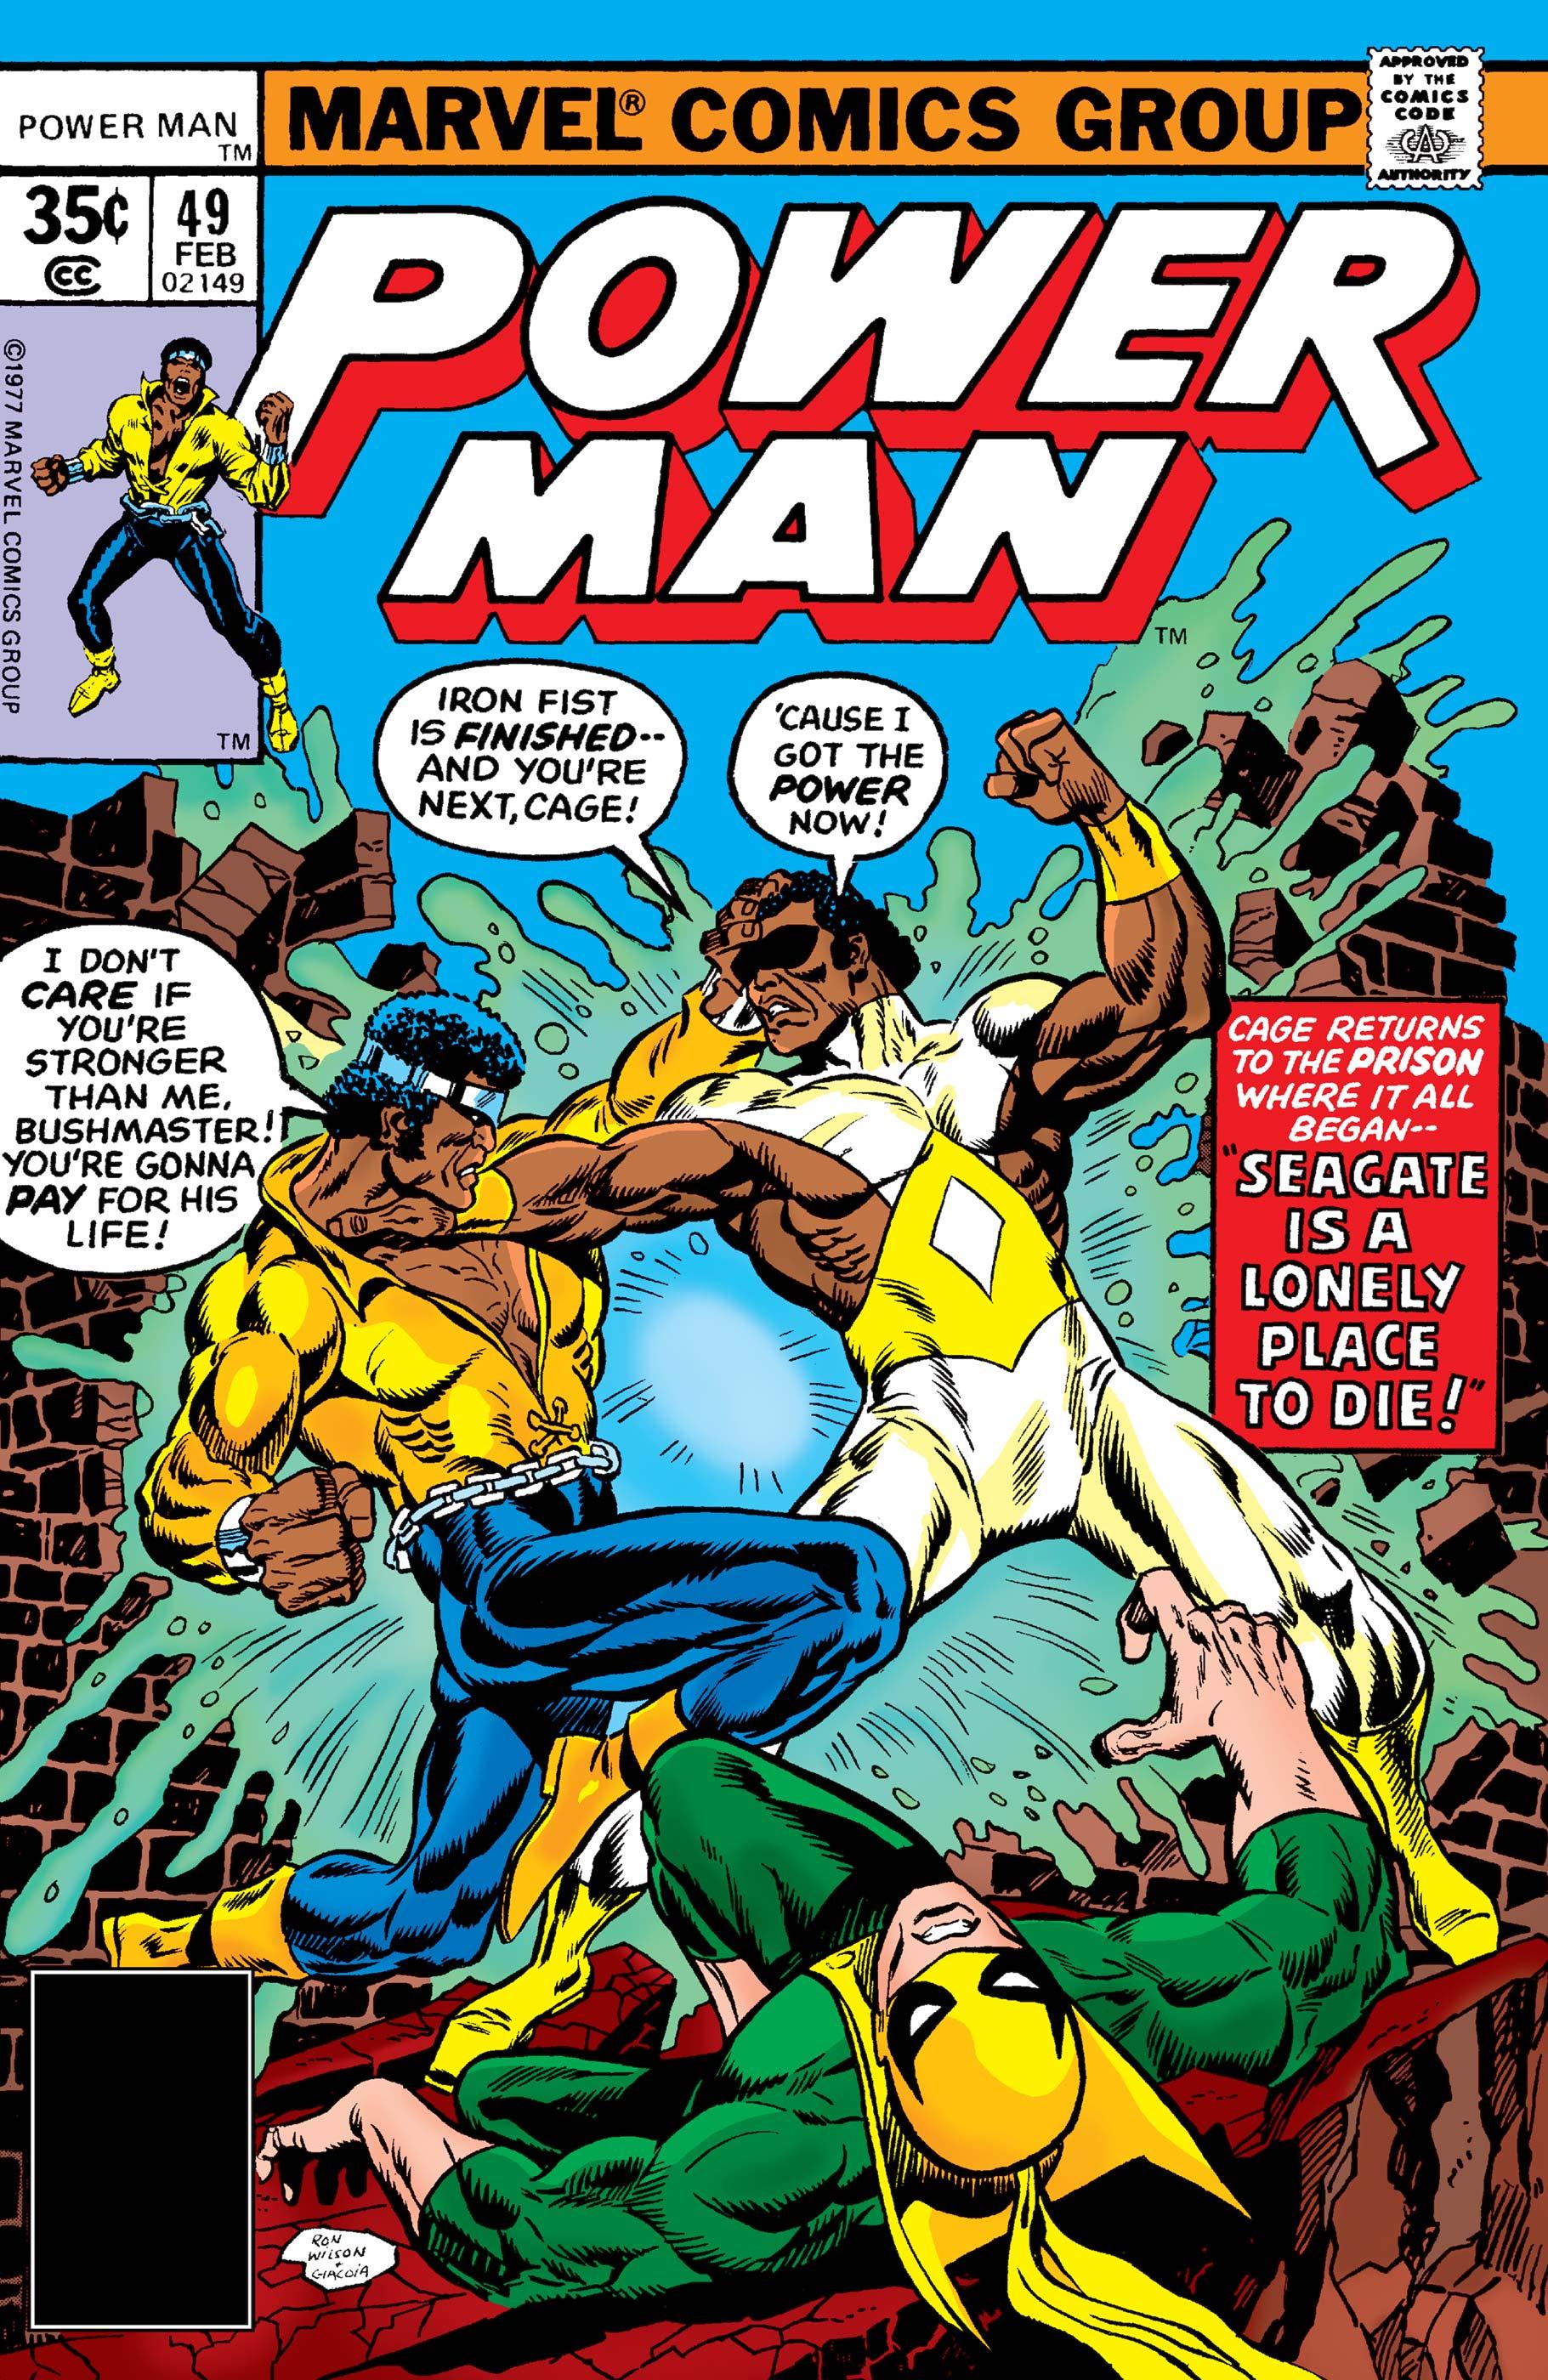 Power Man (1974) #49
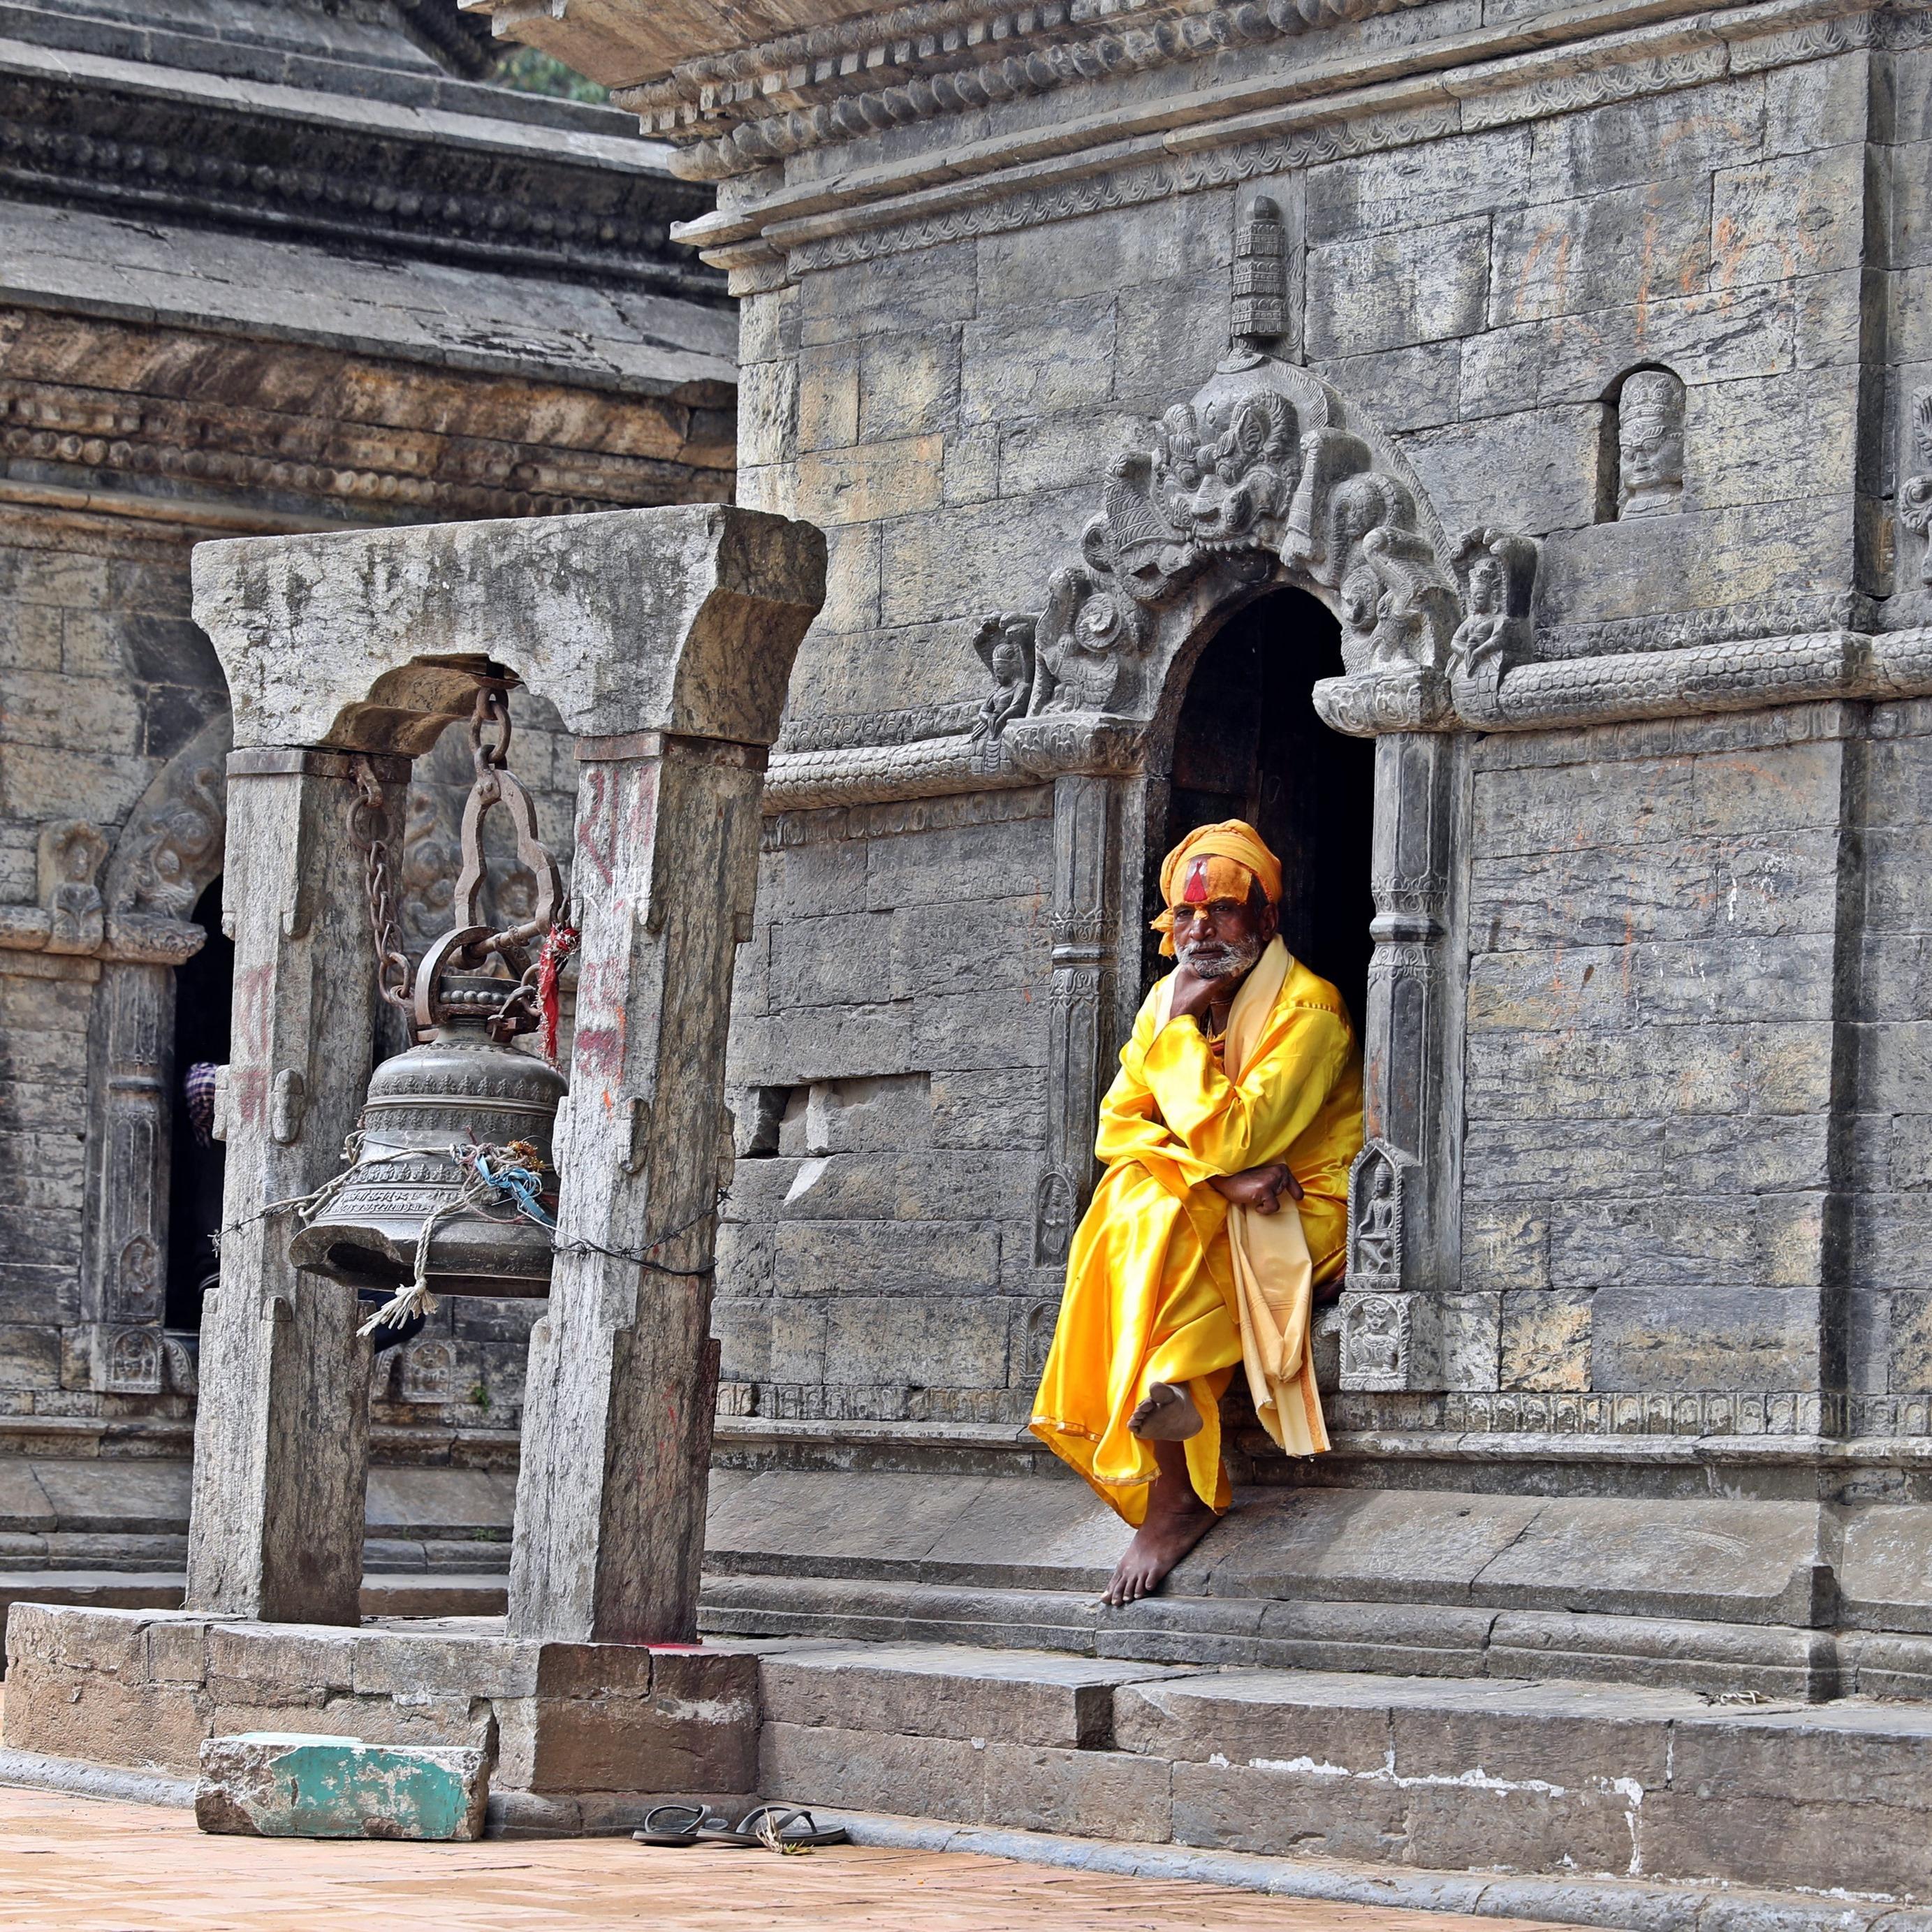 Sadhu at Pashupatinath, Kathmandu
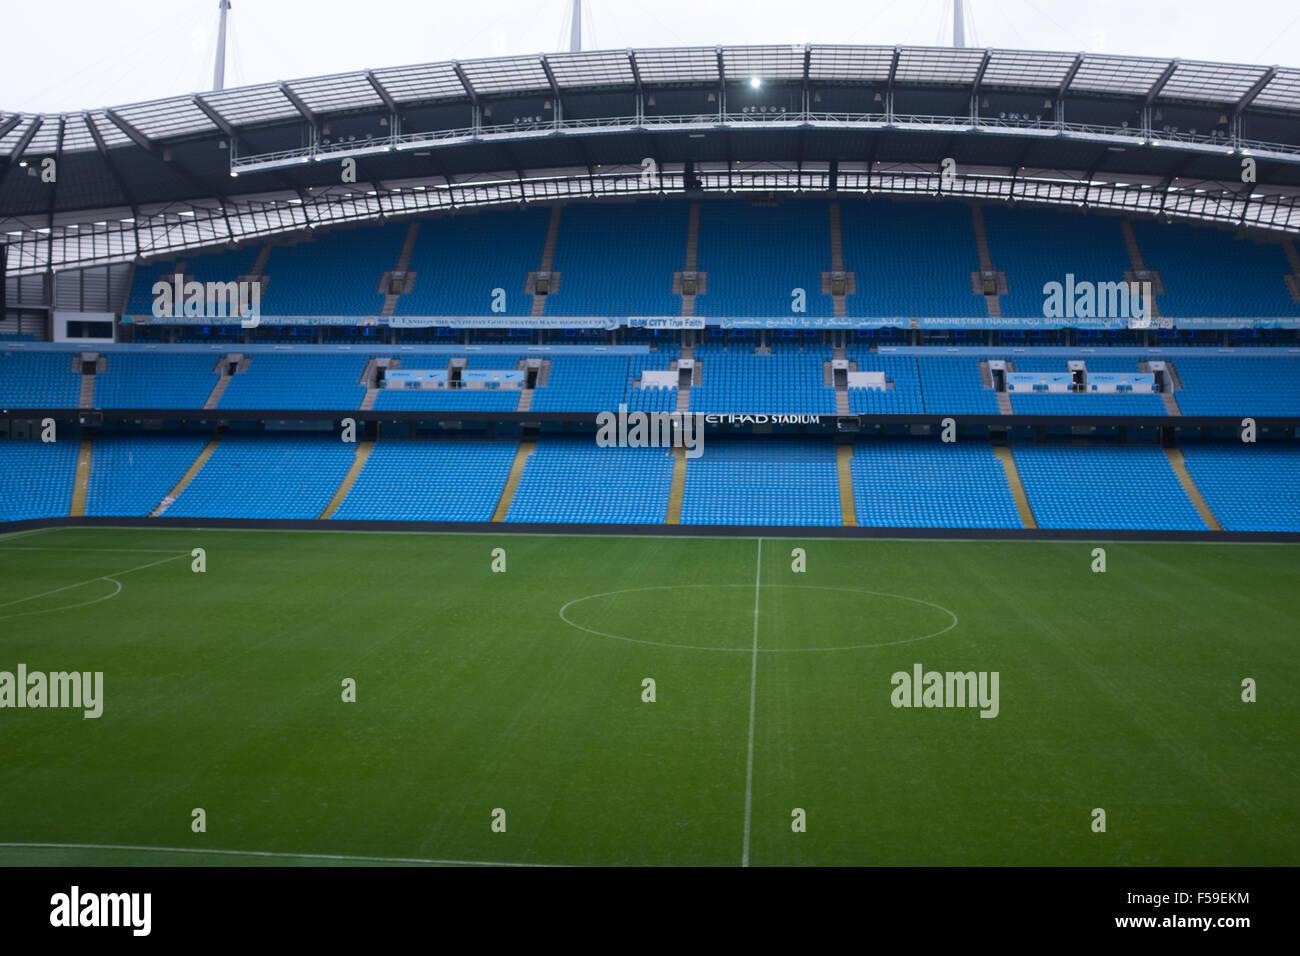 Etihad stadium, Manchester, home of Manchester City FC - Stock Image

» What the task asks
The lines from the one that contains "Sadhu at Pashupatinath, Kathmandu" through the end of the data, repeated exactly and with no pictures, make up the whole answer.

» Expected answer
 Sadhu at Pashupatinath, Kathmandu
 Etihad stadium, Manchester, home of Manchester City FC - Stock Image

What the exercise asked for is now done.